BenarNews menghubungi Juru Bicara Presiden Fadjroel Rachman terkait pertimbangan memilih Listyo sebagai calon kapolri, tapi tak beroleh balasan.
Namun Tenaga Ahli Utama Kantor Staf Presiden Donny Gahral Adian di situs Kompas.com mengatakan bahwa kemampuan bersinergi dengan beragam pemangku kepentingan baik internal maupun eksternal pemerintahan memang menjadi salah satu pertimbangan pemerintah mengusulkan Listyo.
"Selain itu tentu saja faktor integritas, kompetensi, profesionalitas," ujar Donny kepada Kompas.com.
Hubungan Jokowi-Polri
Peneliti ISEAS-Yusof Ishak Institute di Singapura, Made Supriatma, mengatakan, Jokowi memang terlihat memiliki hubungan dekat dengan Polri karena dia tidak memiliki ikatan yang kuat dengan TNI.
"Sikap Jokowi itu telah menguatkan posisi politik Polri. Polisi sekarang berlaku sebagai penegak hukum dan politik karena secara secara aktif mengusut kasus hukum terhadap oposisi pemerintah," ujar Made dalam tulisannya di situs East Asia Forum.
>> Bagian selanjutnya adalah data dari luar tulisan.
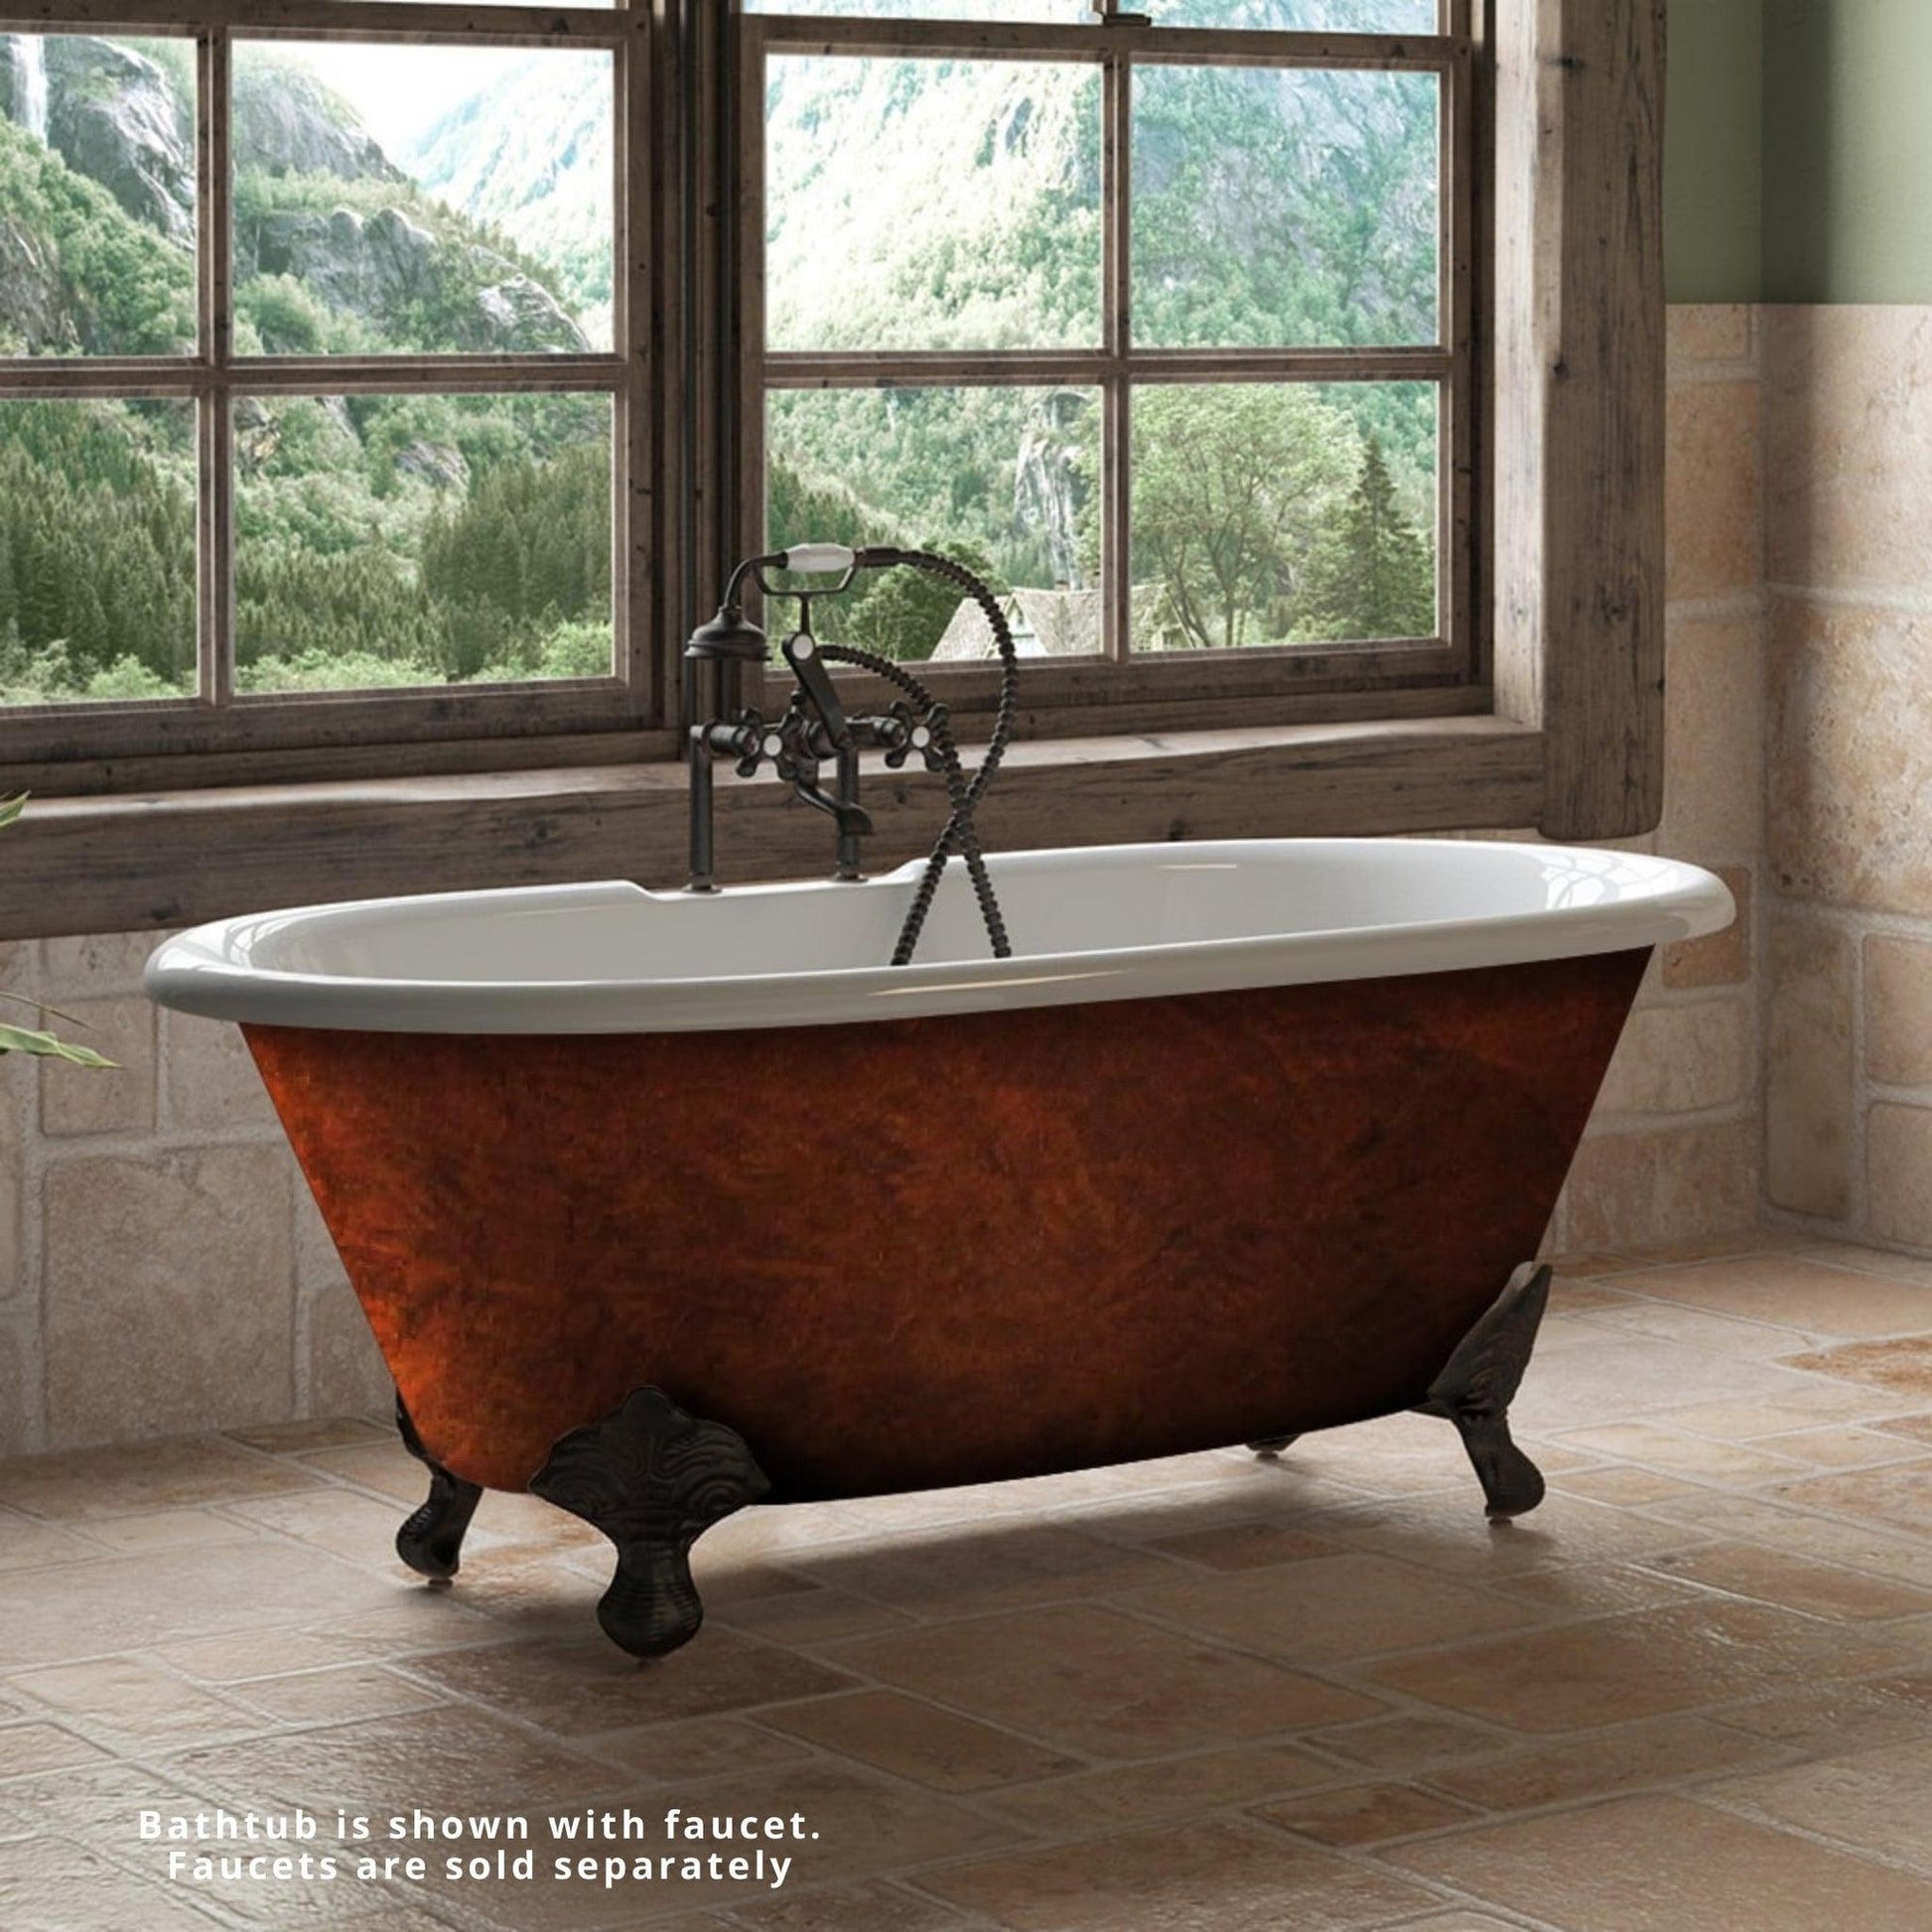 Cambridge Plumbing 67" Hand Painted Copper Bronze Cast Iron Double Ended Bathtub With Deck Holes With Oil Rubbed Bronze Feet
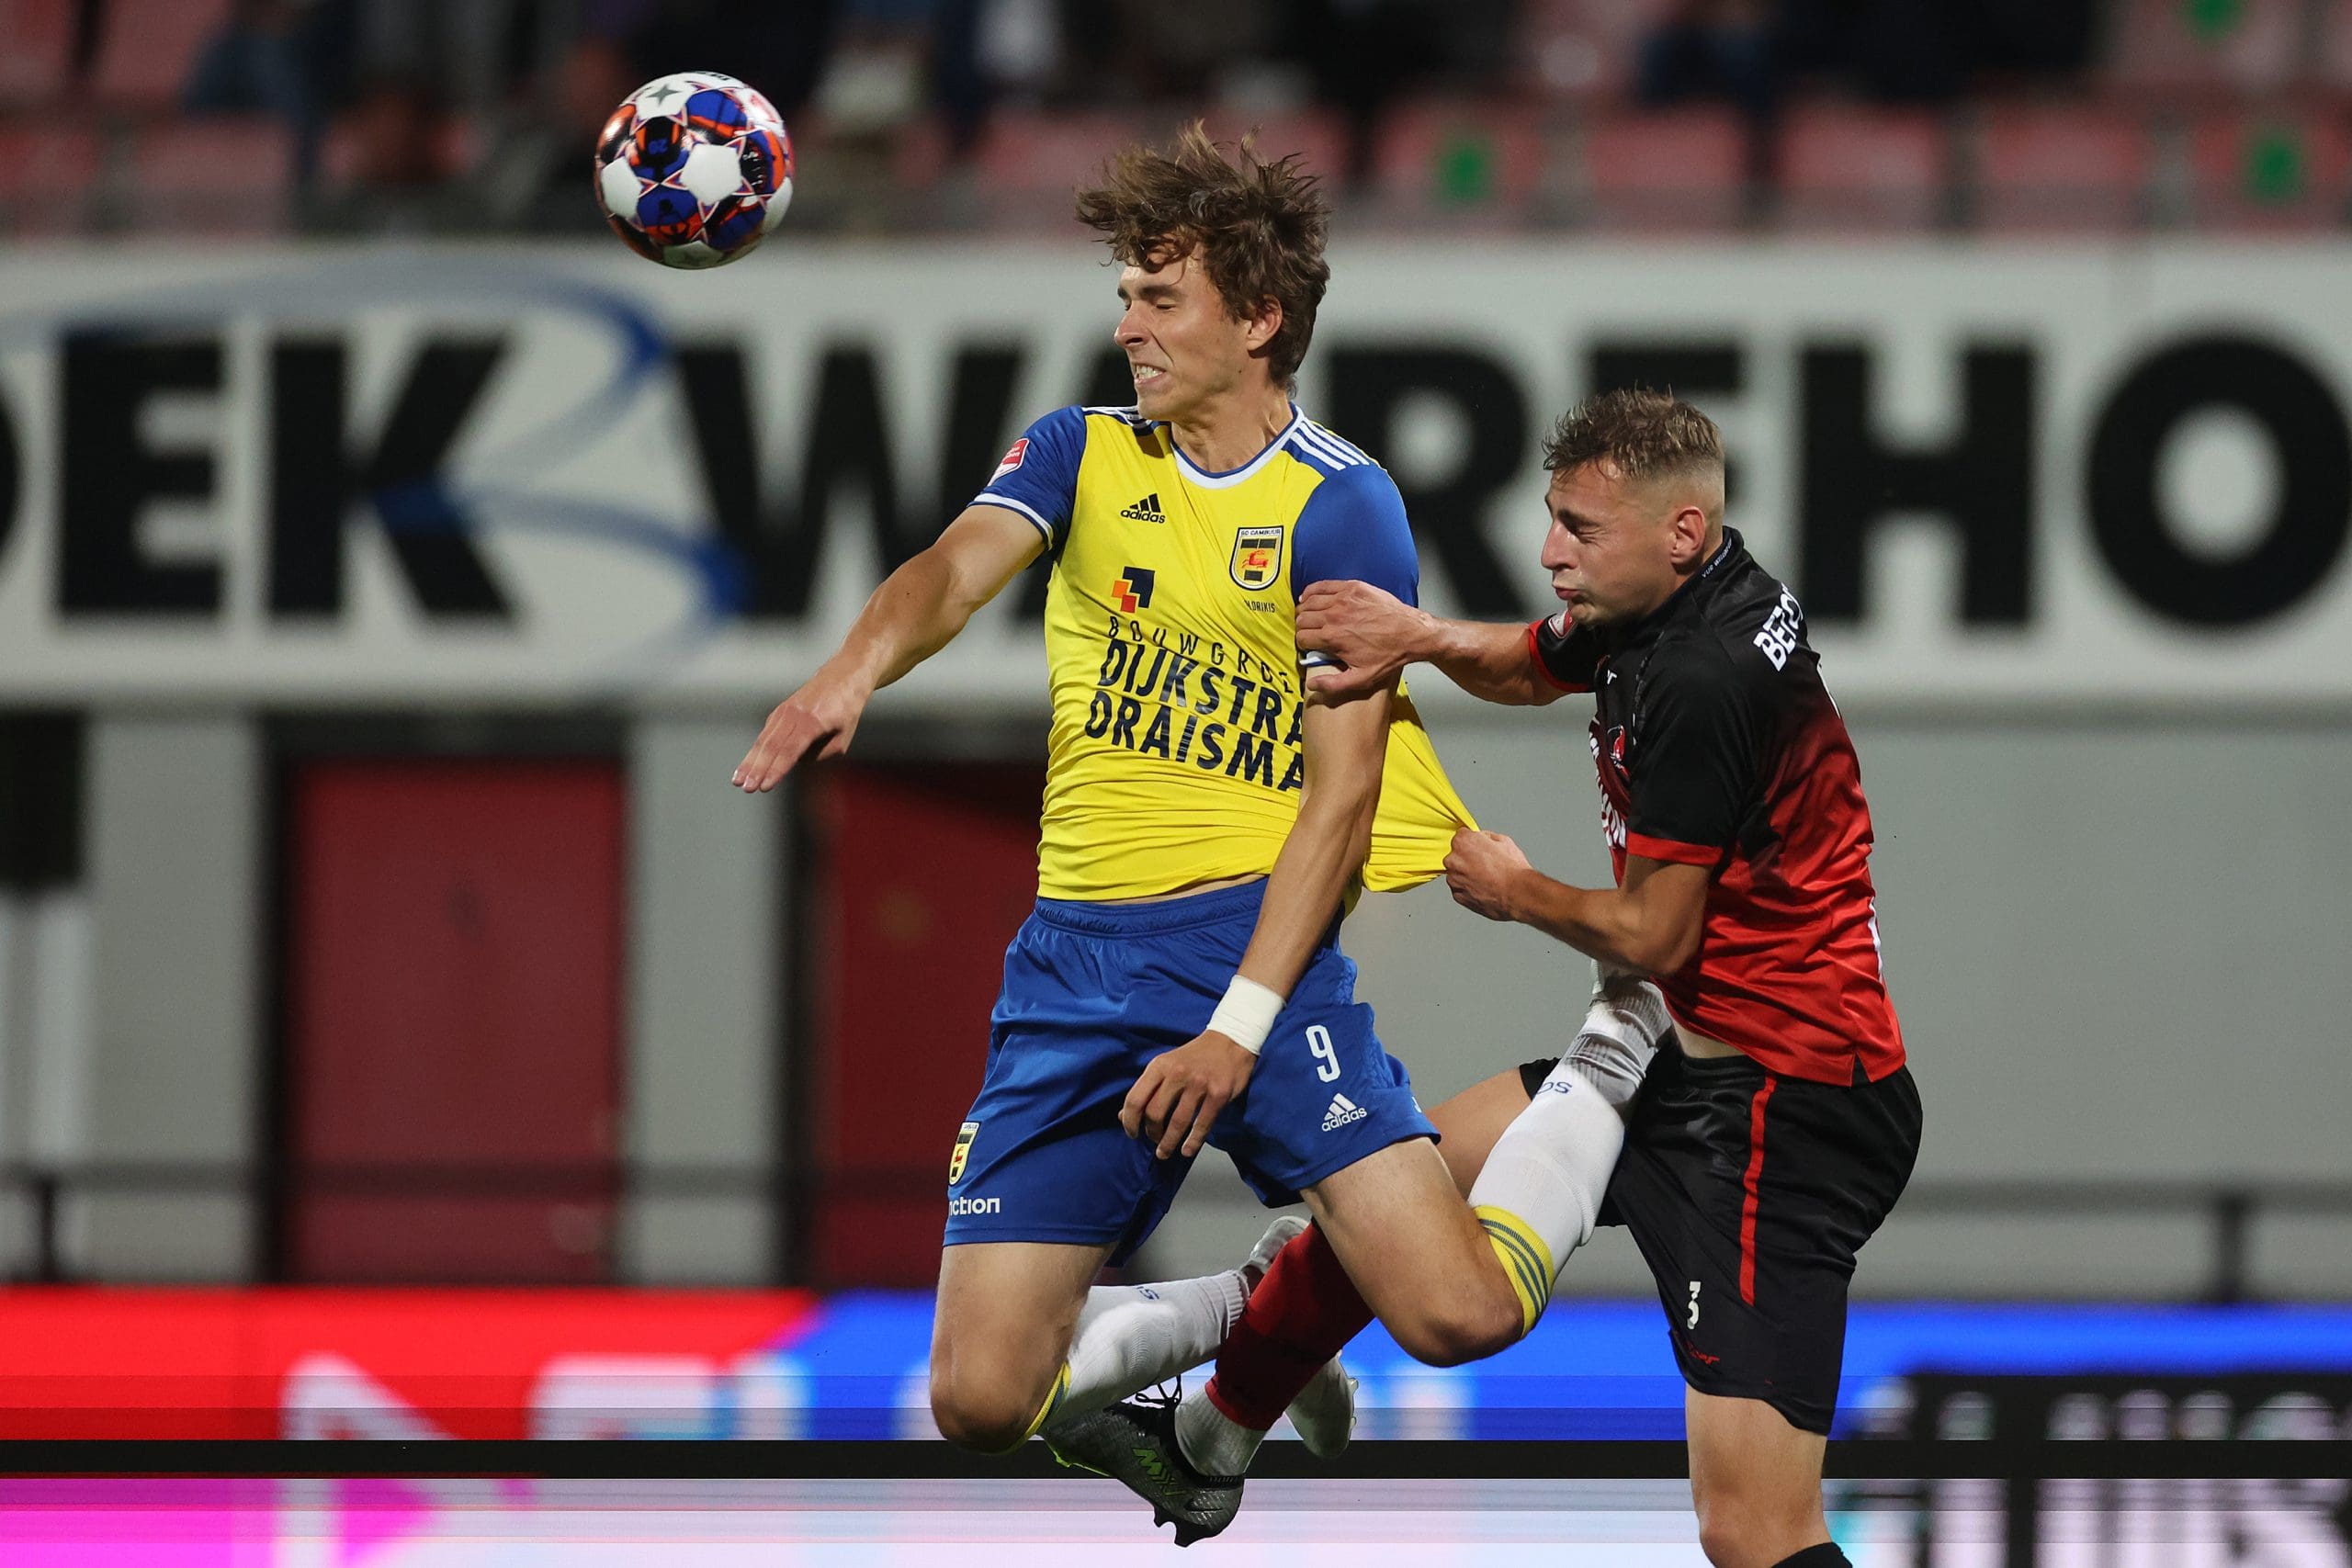 SC Cambuur crashed on the final stage in and against Helmond Sport

Sebelumnya Jokowi mengajukan Tito Karnavian yang relatif jenderal junior di kepolisian sebagai kapolri.
Tito belakangan dinilai Made menjadi sekutu setia bagi Jokowi dengan memproses hukum para pengkritik pemerintah, termasuk aktivis.
Listyo pun serupa karena menjadi yang termuda dari lima kandidat yang diusulkan Kompolnas saat ini.
"Jokowi pun sudah memberi jalan lapang bagi Polri di periode kedua ini dengan memberikan jabatan dan posisi penting yang sebelumnya diisi jenderal militer," lanjut Made.
Sejumlah petinggi kepolisian kini memang memegang jabatan penting seperti Kepala Badan Intelijen Negara (BIN), BULOG, BNPT, hingga KPK.
"Pelibatan kepolisian kian penting bagi Jokowi. Tidak berlebihan untuk mengatakan bahwa fungsi ganda kepolisian meningkat, baik sebagai penegak hukum maupun instrumen politik," tulis Made.